Which argument will win is difficult to predict, but the Court's nine Justices have repeatedly expressed a penchant for strict reading of simple statutory text.

The Court has also interpreted the AIA very broadly, holding in three cases, Bob Jones Univ. v. Simon, Alexander v. Americans United, and U.S. v. American Friends Serv. Committee, that the AIA bars suits related in any way to a tax-related matter until payment of the tax is made.

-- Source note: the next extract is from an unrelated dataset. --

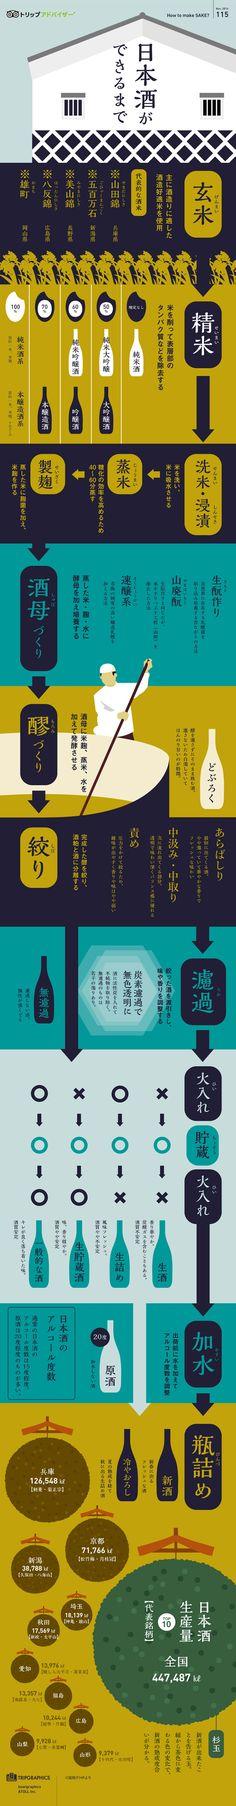 トリップアドバイザー株式会社様の「日本酒ができるまで」のランディングページ(LP)かわいい系|日本酒・焼酎 #LP #ランディングページ #ランペ #日本酒ができるまで Web Design, Japan Design, Food Design, Web Layout, Layout Design, Japanese Sake, Japanese Graphic Design, Poster Layout, Ui Web
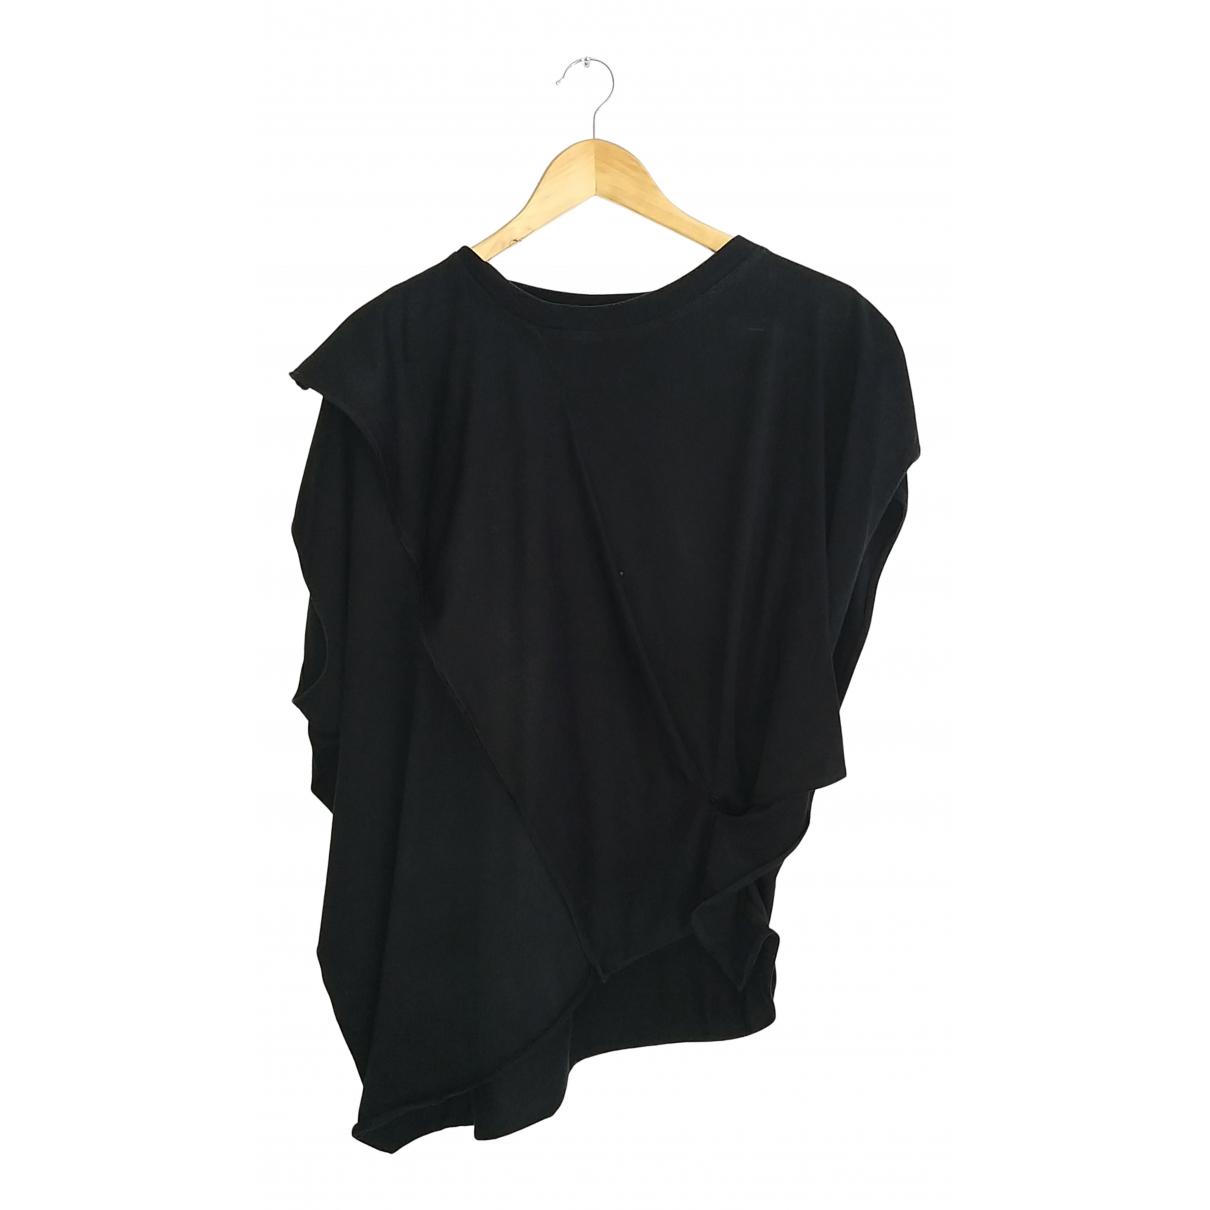 Maison Martin Margiela - Top   pour femme en coton - noir

For this reason, both sides had better brace themselves: the AIA could very well become a formidable barrier to a constitutional review of the mandate at all (or at least until 2015).

And, if the AIA does bar review, health care reform will proceed on schedule toward full implementation by 2015. If the mandate is challenged again then, its attackers could find it much harder to dislodge. According to some, a bar to Supreme Court review in 2012 might be a "good solution" in a politically charged election year. Overall, therefore, Obamacare appears to be facing fair skies, despite a few clouds in the distance.